By Alex Kimani
The energy transition is in full swing, with electric vehicles supplanting gas guzzlers and solar panels and wind turbines replacing coal and oil as the world’s leading energy sources. Scientists have warned that keeping temperature rises to 1.5C requires global emissions to be cut by 45% by 2030 and to zero overall by mid-century. In the ongoing COP26 climate summit, nations have promised to end deforestation, curb CO2 and methane emissions and also stop public investment in coal power.
The energy transition is driving the next commodity supercycle, with immense prospects for technology manufacturers, energy traders, and investors. Indeed, new energy research provider BloombergNEF estimates that the global transition will require ~$173 trillion in energy supply and infrastructure investment over the next three decades, with renewable energy expected to provide 85% of our energy needs by 2050.
But nowhere is the outlook brighter than the metals industry.

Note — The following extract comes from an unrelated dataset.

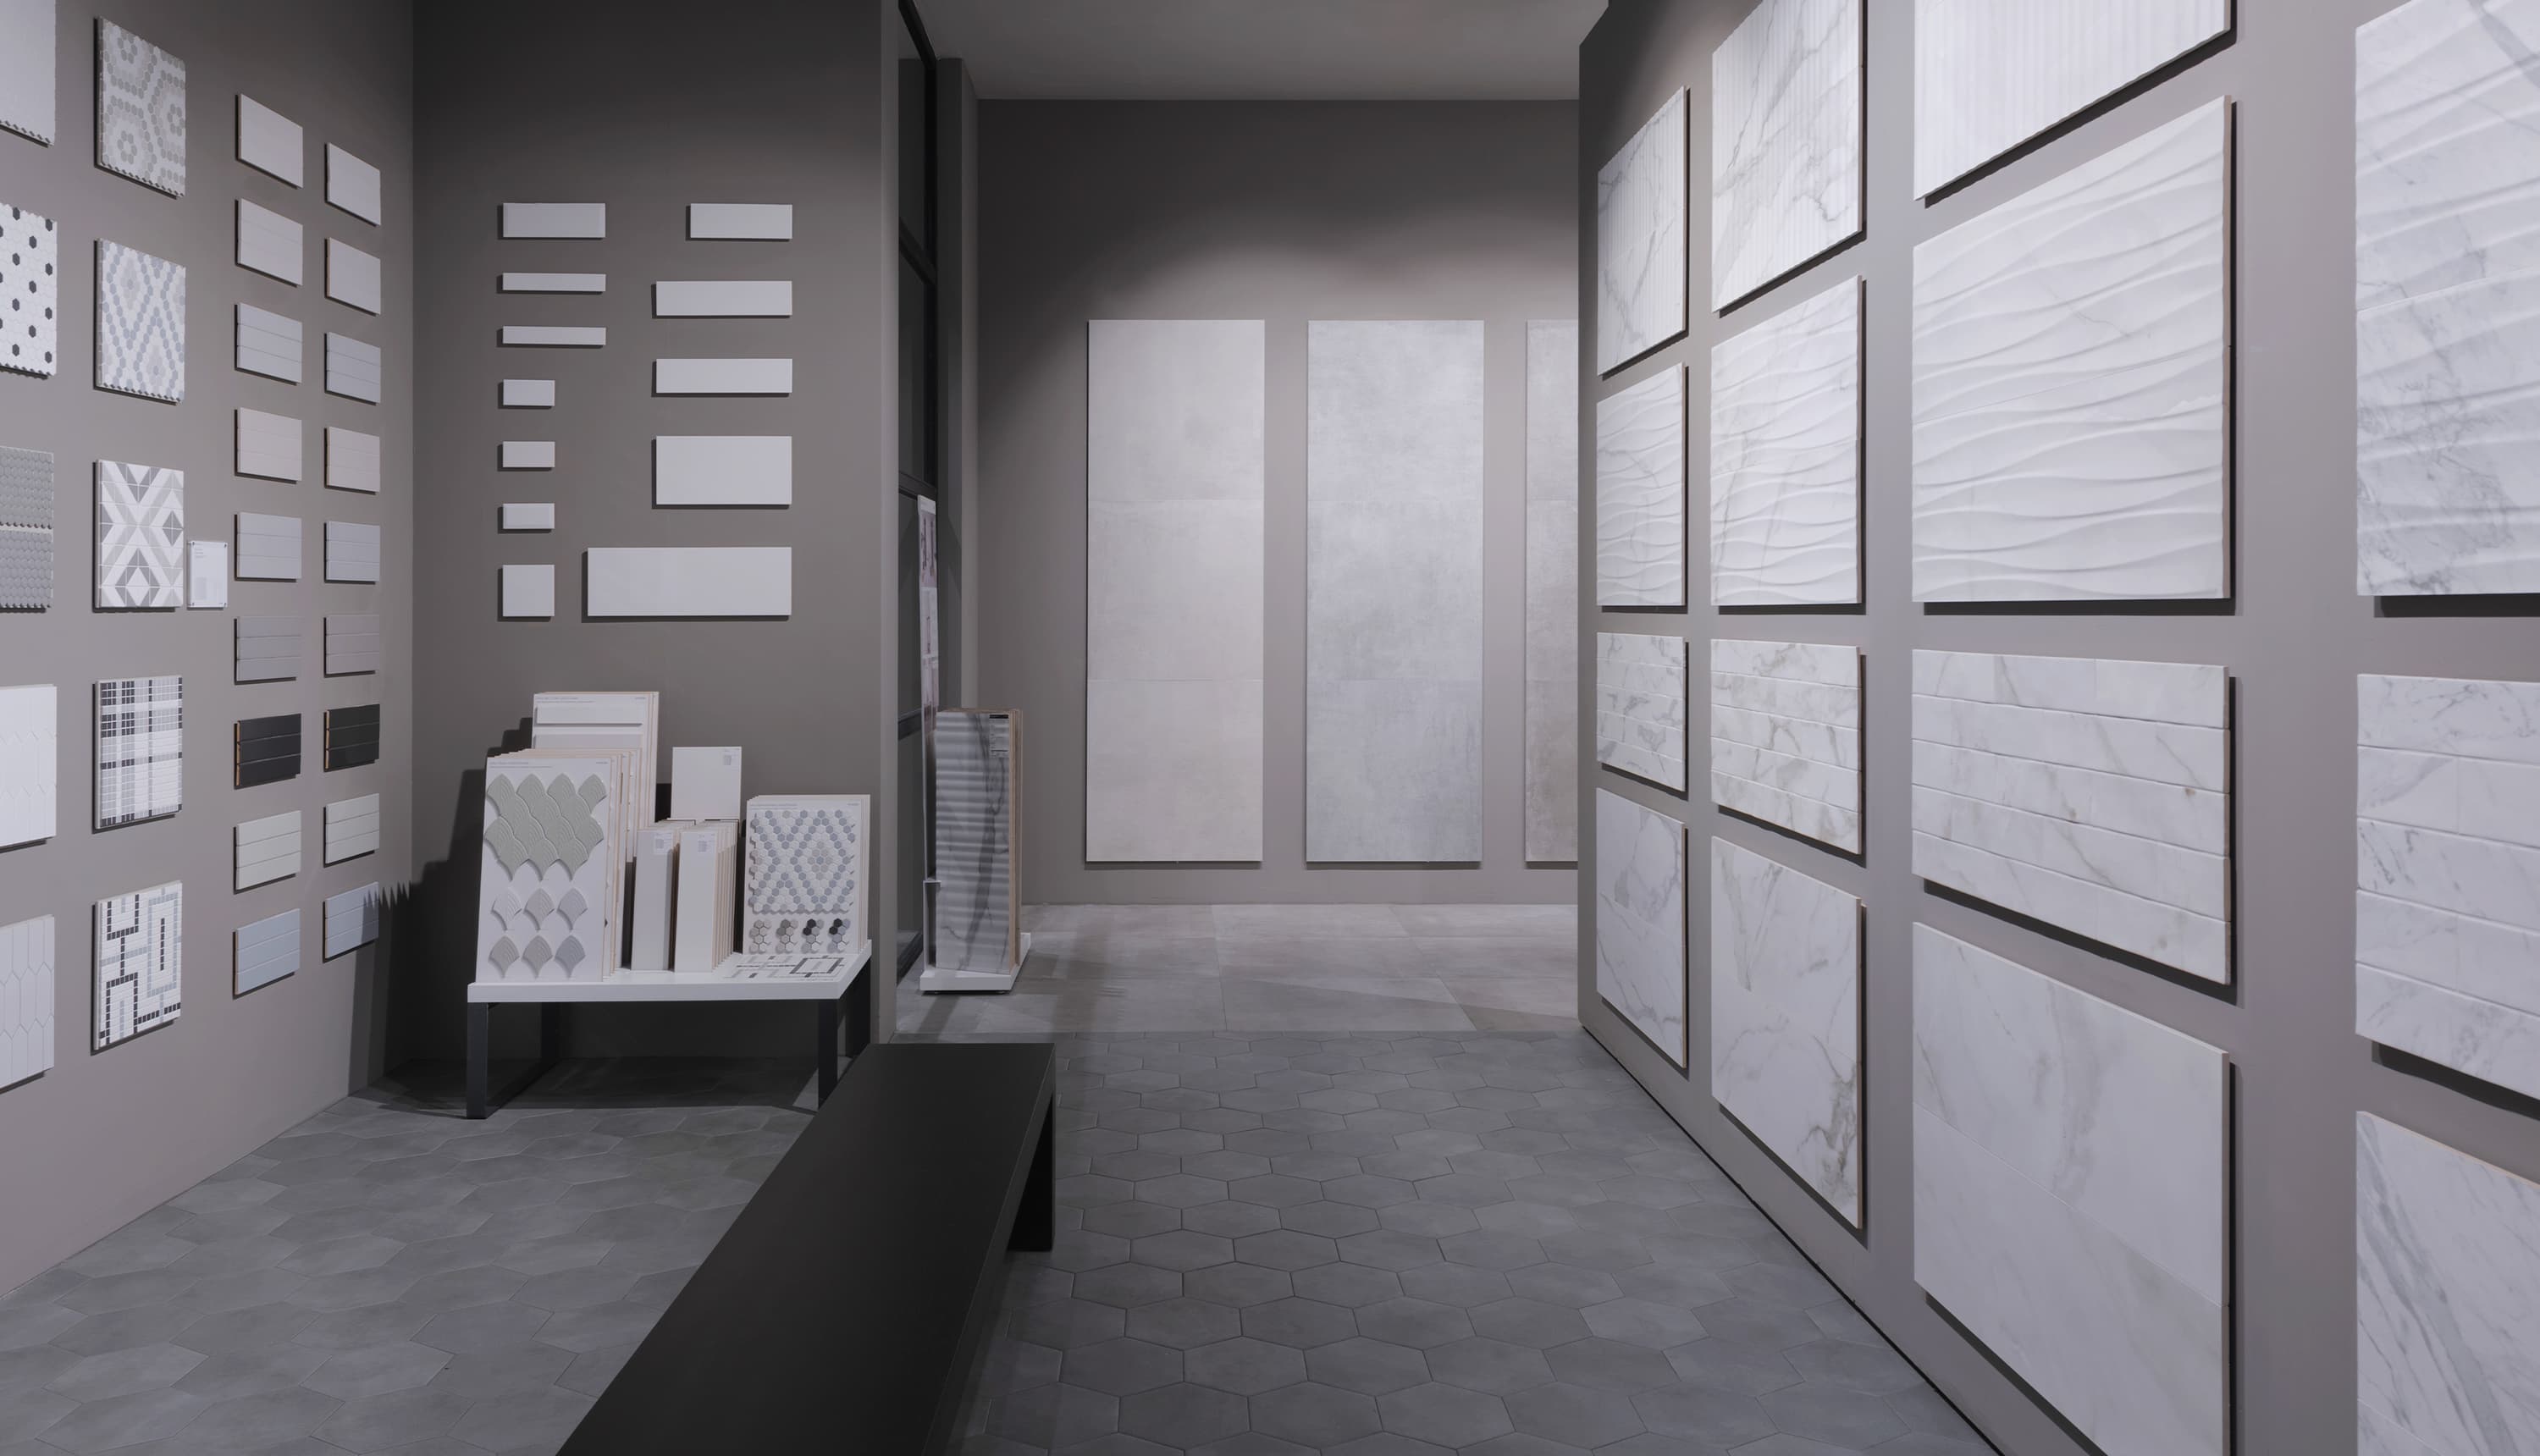 Right wall: Raffino Collection. Left wall: Soho Collection. Back wall: Industria.

Clean energy technologies require more metals than their fossil fuel-based counterparts. According to a recent Eurasia Review analysis, prices for copper, nickel, cobalt, and lithium could reach historical peaks for an unprecedented, sustained period in a net-zero emissions scenario, with the total value of production rising more than four-fold for the period 2021-2040, and even rivaling the total value of crude oil production.
There’s a big negative for the fossil fuel sector--BNEF has forecast that electric and fuel cell vehicles will displace 21 million barrels per day in oil demand by 2050.
Source: Eurasia Review
In the net-zero emissions scenario, the metals demand boom could lead to a more than fourfold increase in the value of metals production–totaling $13 trillion accumulated over the next two decades for the four metals alone. This could rival the estimated value of oil production in a net-zero emissions scenario over that same period, making the four metals macro-relevant for inflation, trade, and output, and providing significant windfalls to commodity producers.
Estimated cumulative real revenue for the global production of selected energy transition metals, 2021-40 (billions of 2020 US dollars)
Source: Eurasia Review
Here are the long-term outlooks for key commodities and clean energy sectors as per BNEF.
1. Solar Panels
- Key Materials: Steel, Aluminum, Polysilicon, Copper, Silver
- Top ETF: Invesco Solar Portfolio ETF
BNEF estimates that it takes 10,252 tons of aluminum, 3,380 tons of polysilicon and 18.5 tons of silver to manufacture solar panels with 1GW capacity. With global installed solar capacity expected to double by 2025 and quadruple to 3,000 GW by 2030, the solar industry is expected to become a significant consumer of these commodities over the next decade.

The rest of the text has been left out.